I am also worried about defects in fait accomplis. (I can regret nothing but I didn't start watching RISC-V toolchain development earlier...) This issue has demonstrated again how an alternative implementation (libc, compiler, linker, binary utilities, etc) can be valuable by improving the design!

EDIT: I see the discussion linked by MaskRay has already reached the conclusion that GCC will stop emitting these. I will file a patch for LLVM to do the same if nobody beats me to it (relaxations can come later once they are finalised).

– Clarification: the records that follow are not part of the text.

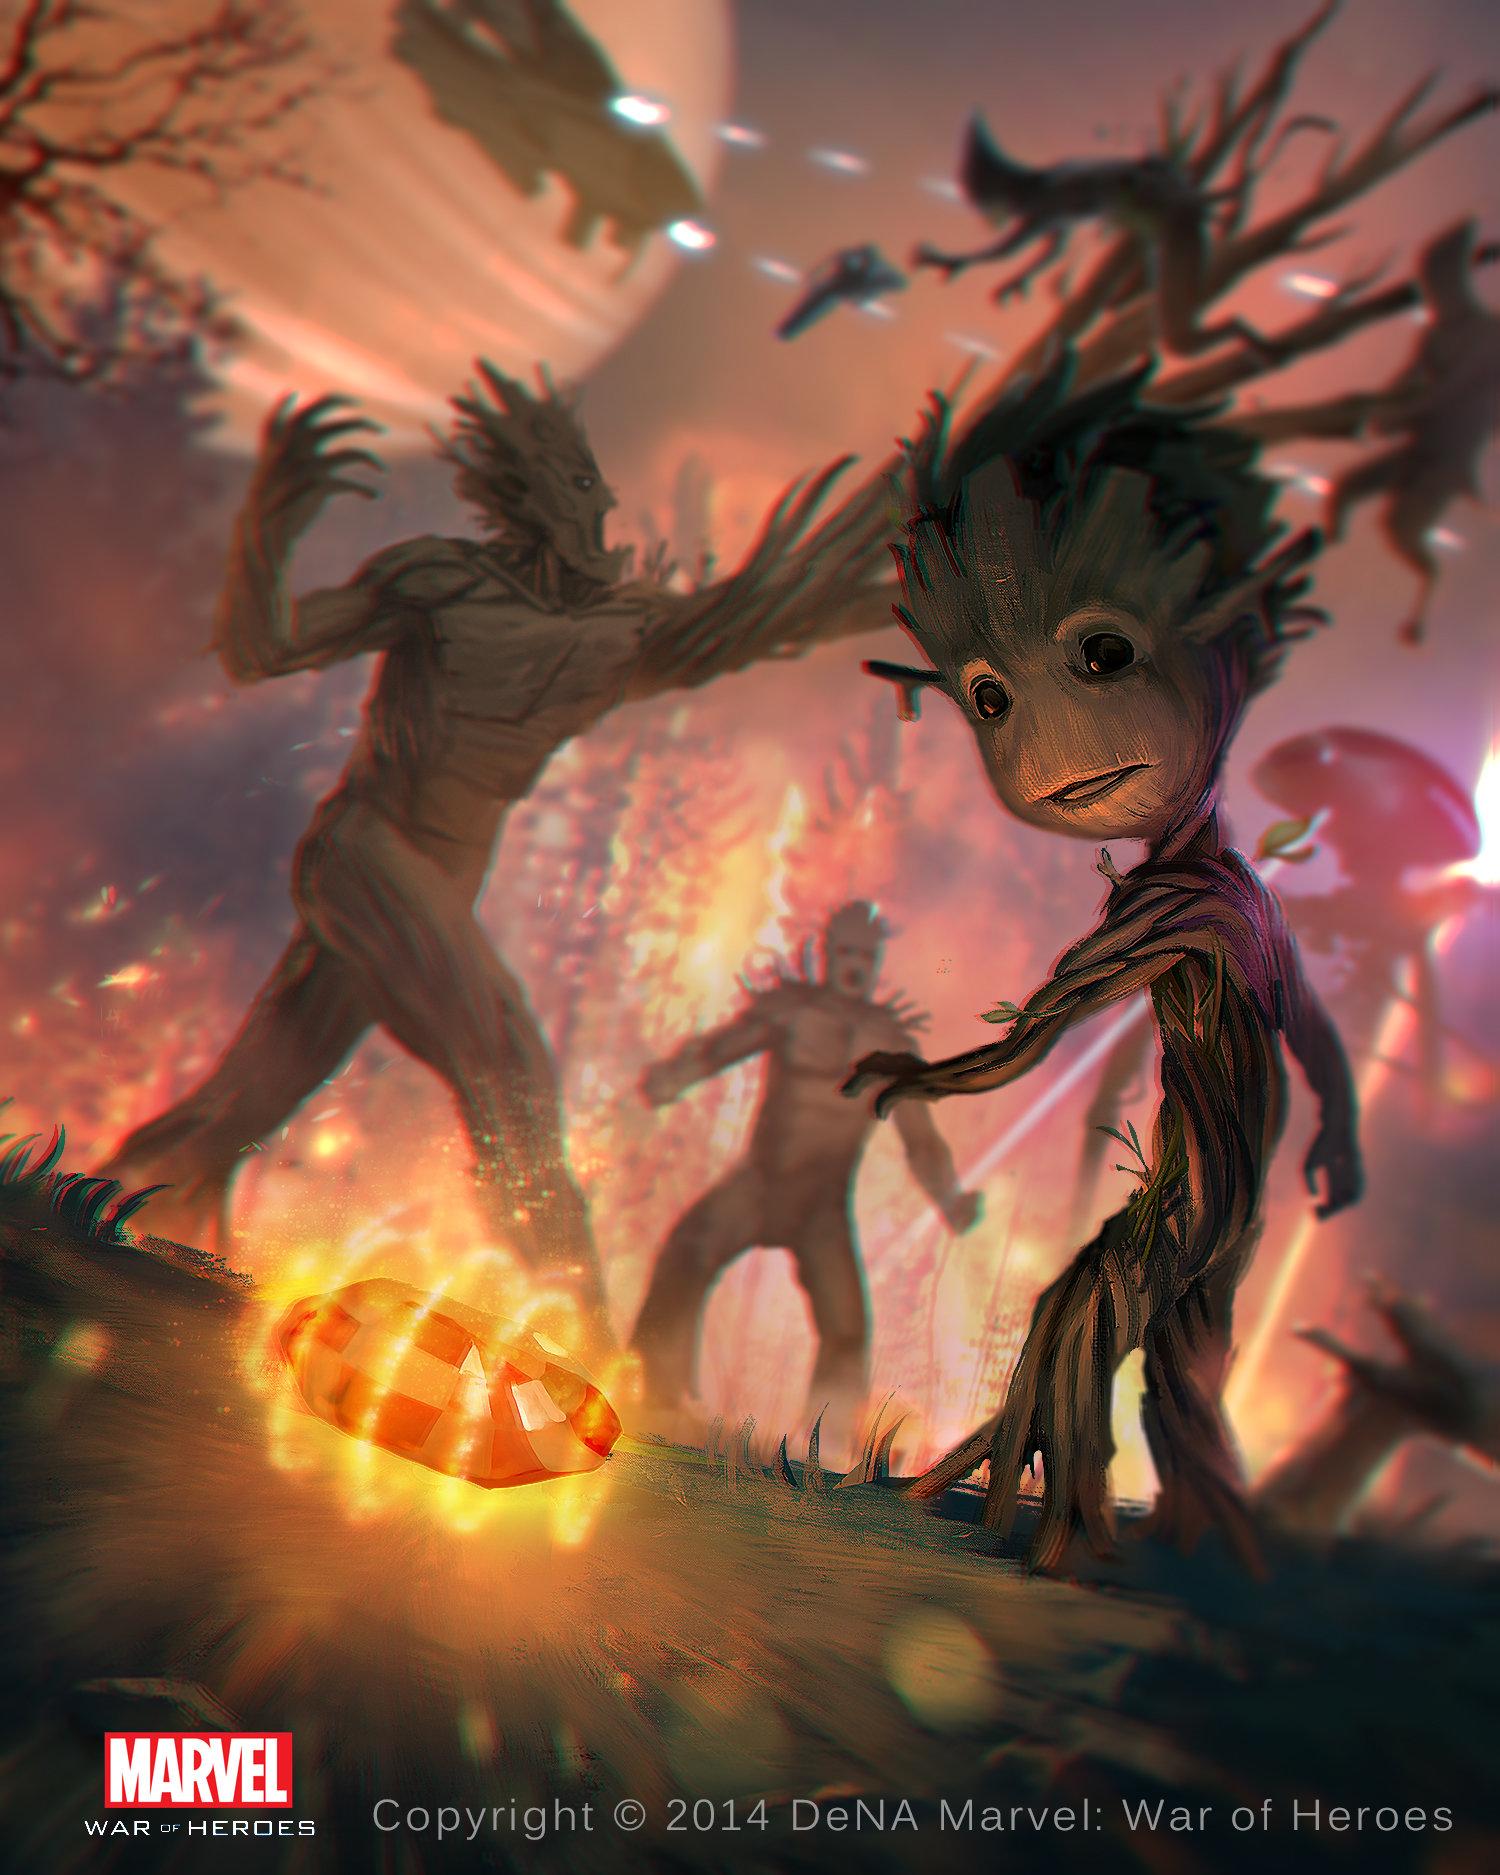 ArtStation - Groot - Marvel War of Heroes, Cuong Le Manh
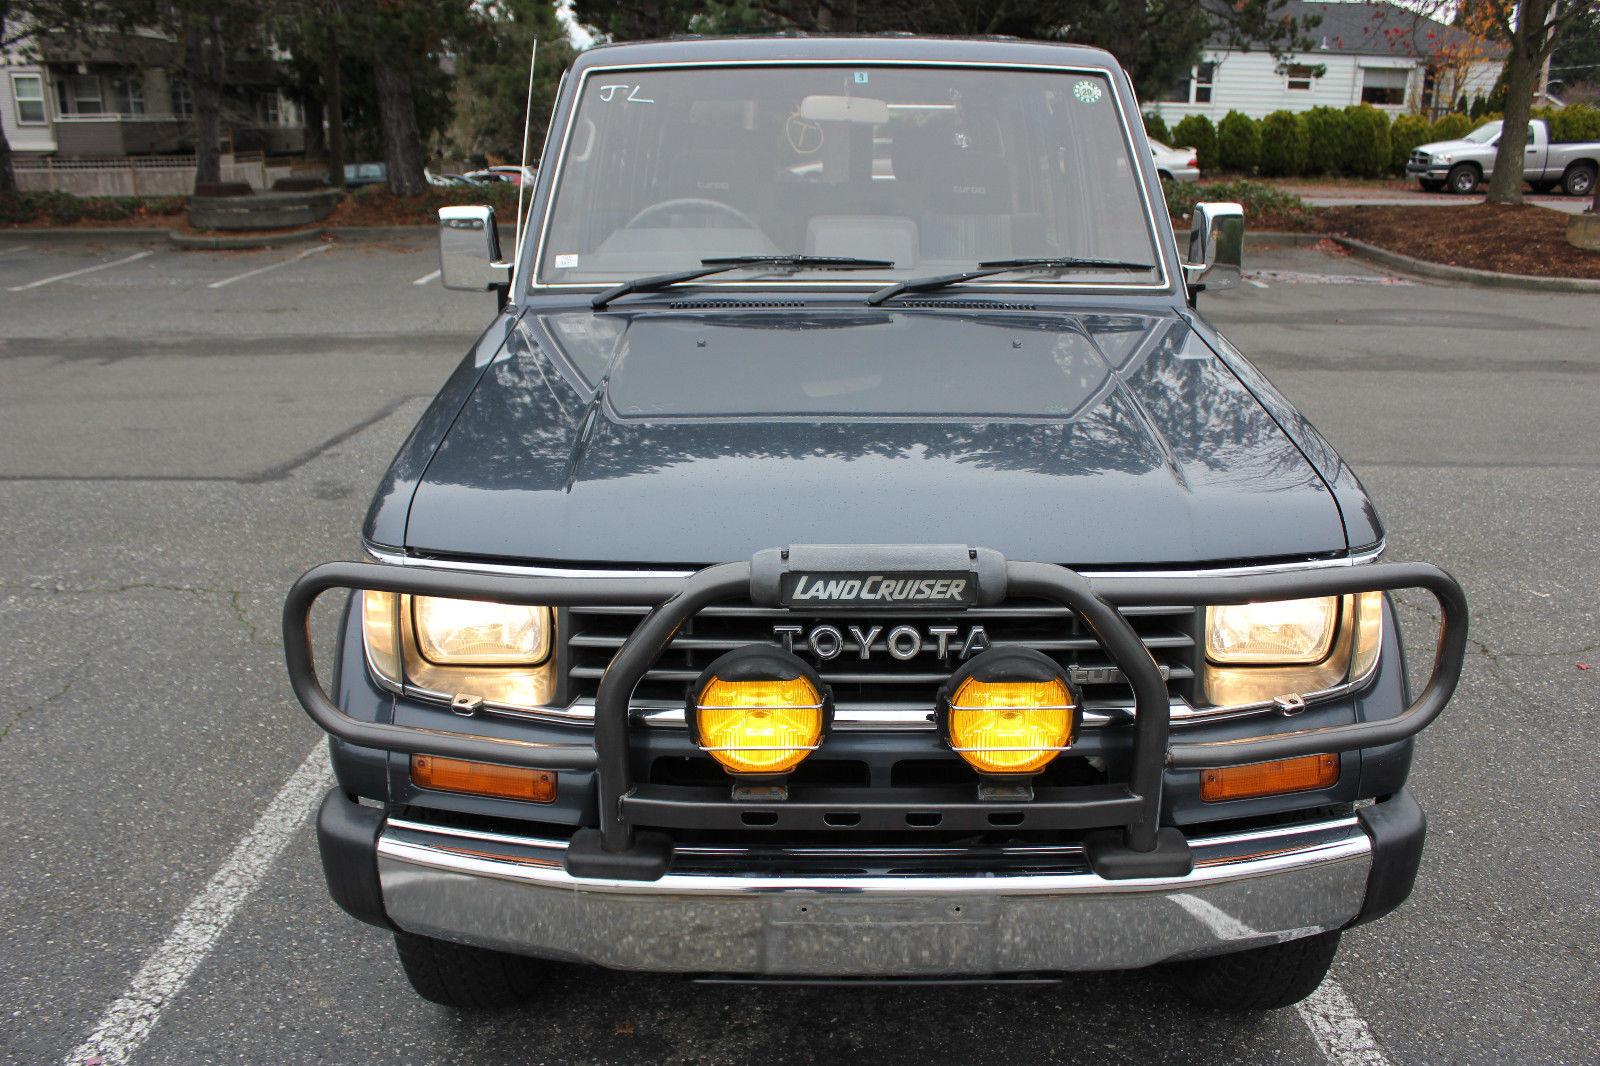 Toyota Land Cruiser Diesel >> Great 1991 Toyota Land Cruiser Sx Toyota Landcruiser Prado 1991 Turbo Diesel 2017 2018
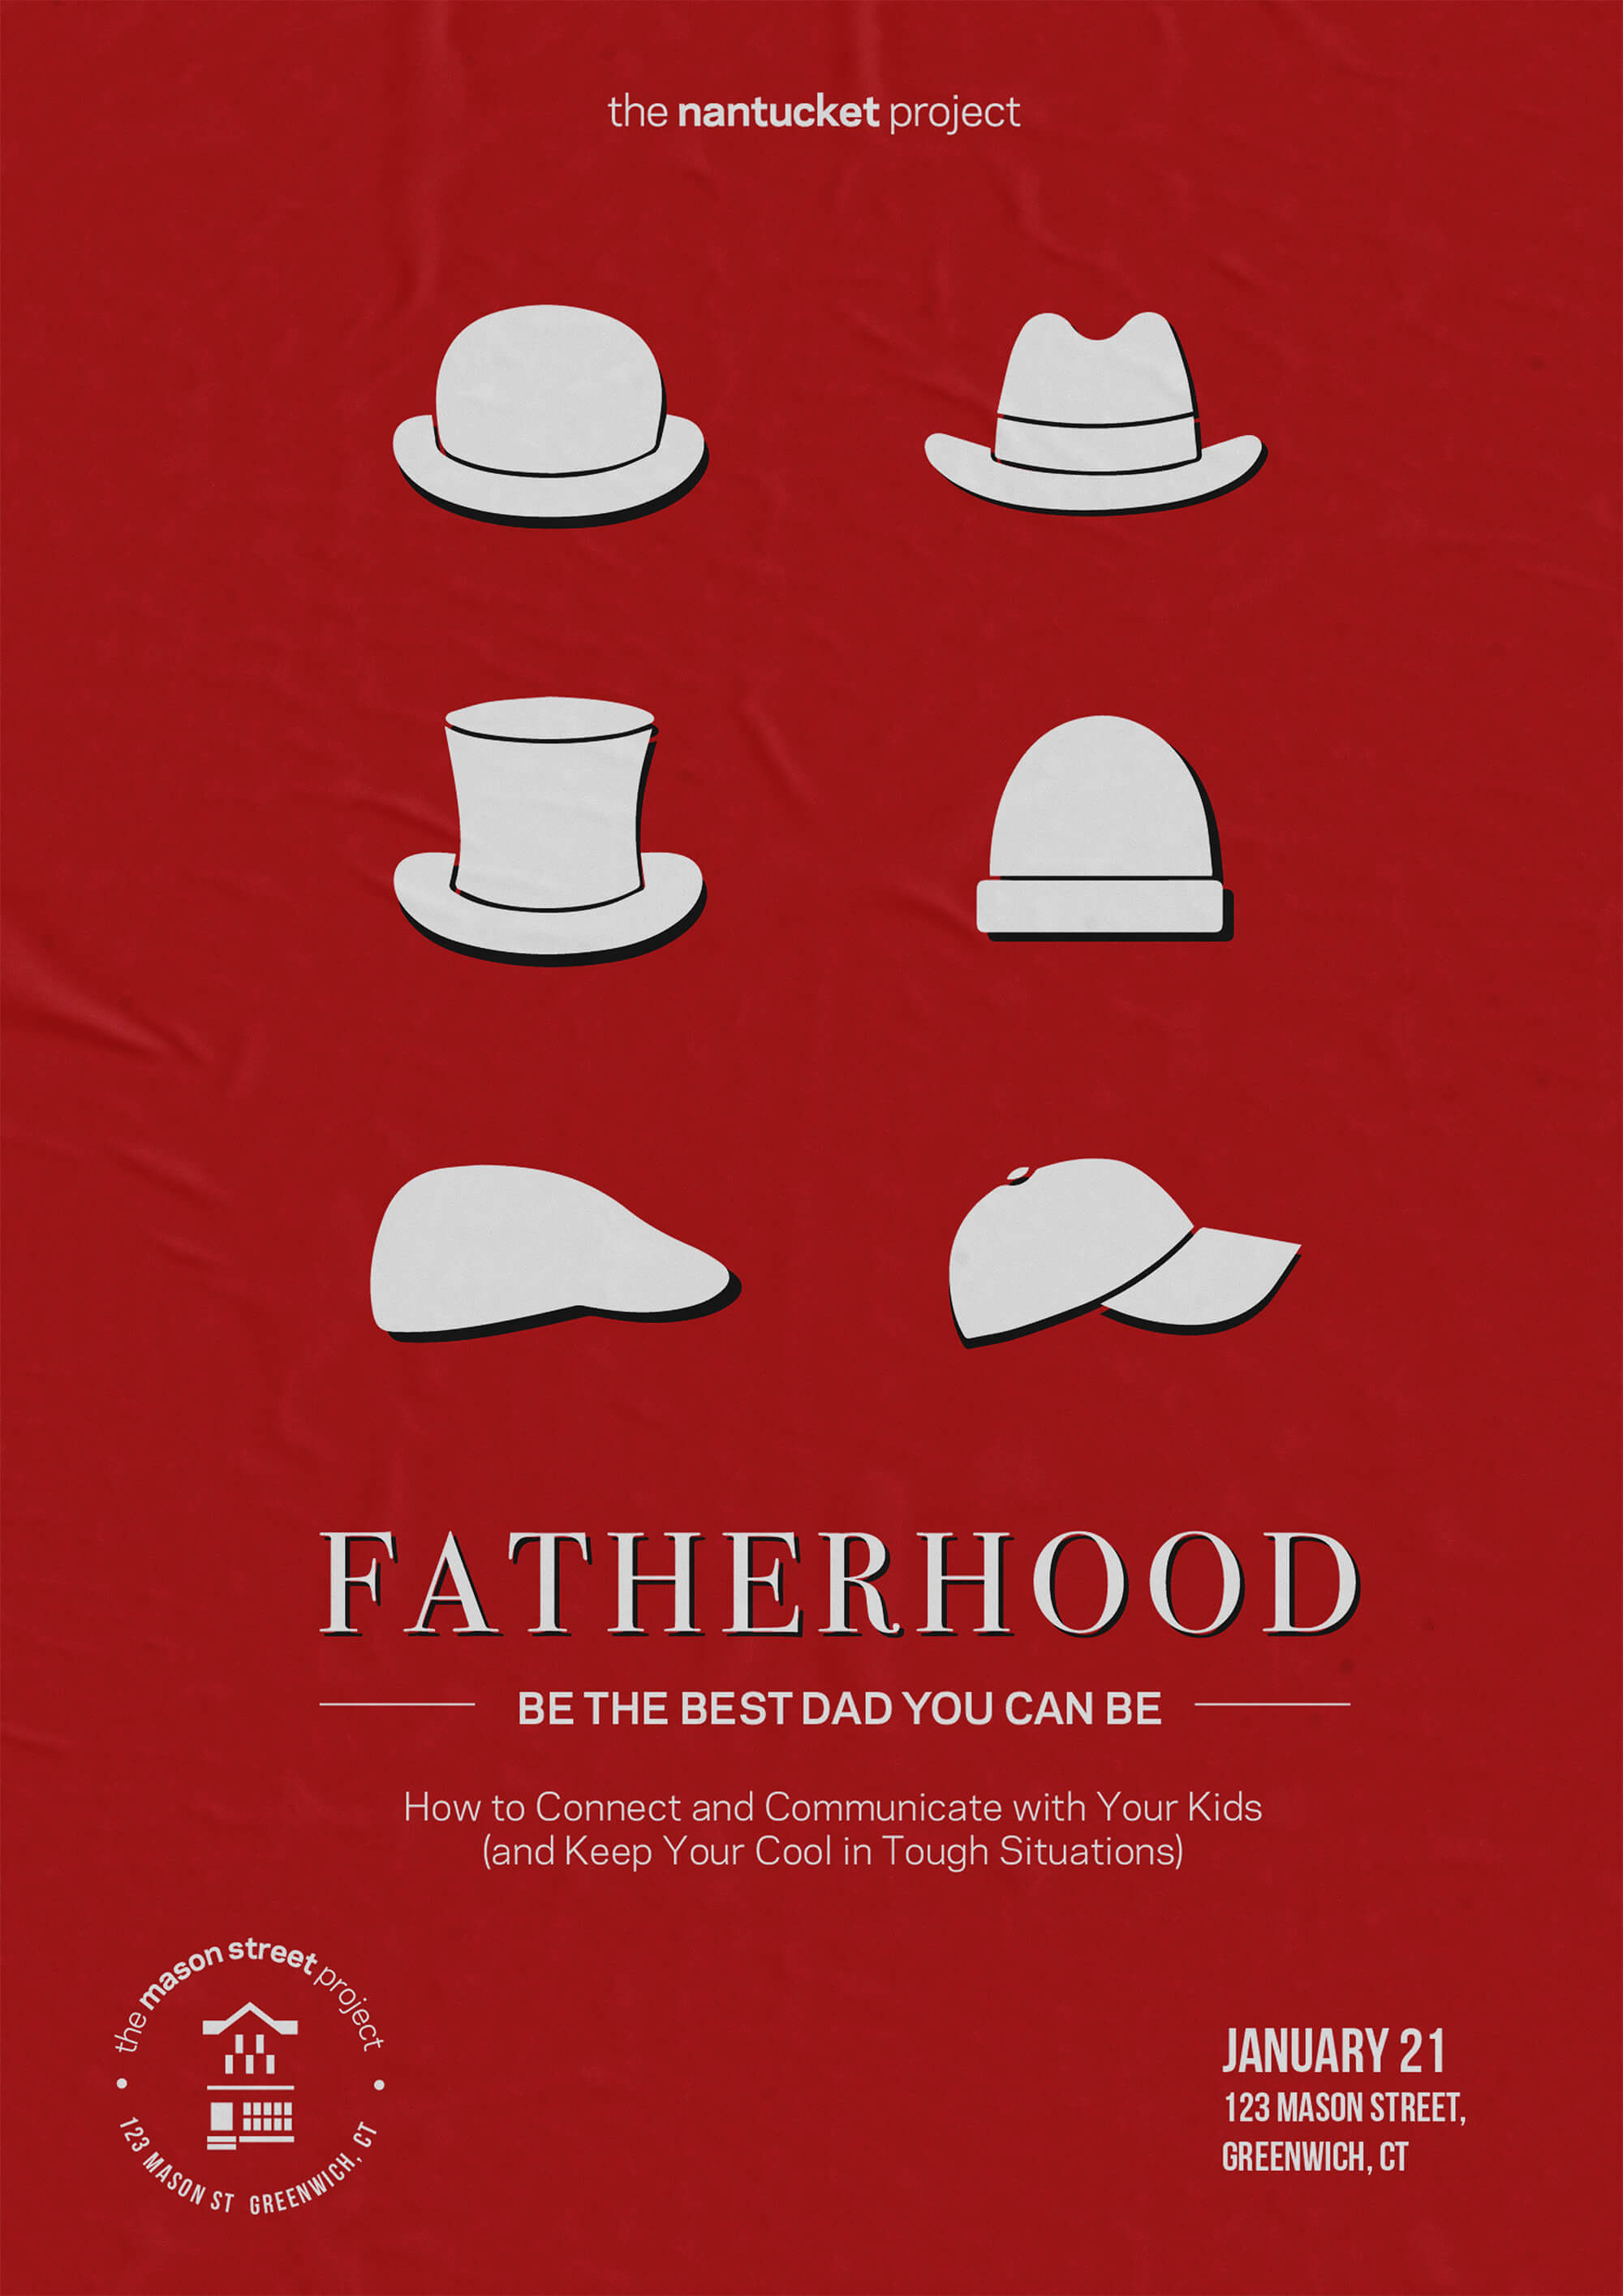 fatherhood_texture copy

I wanted to do this, but you claimed this first. Go ahead:) Given the consensus that TLS copy relocation is a bad idea and newer toolchains do not need to support it, can be drop this patch?

jrtc27 abandoned this revision.Nov 21 2019, 4:49 PM

EDIT: I see the discussion linked by MaskRay has already reached the conclusion that GCC will stop emitting these. I will file a patch for LLVM to do the same if nobody beats me to it (relaxations can come later once they are finalised).

I wanted to do this, but you claimed this first. Go ahead:) Given the consensus that TLS copy relocation is a bad idea and newer toolchains do not need to support it, can be drop this patch?

Oh, yes, I intended to abandon this.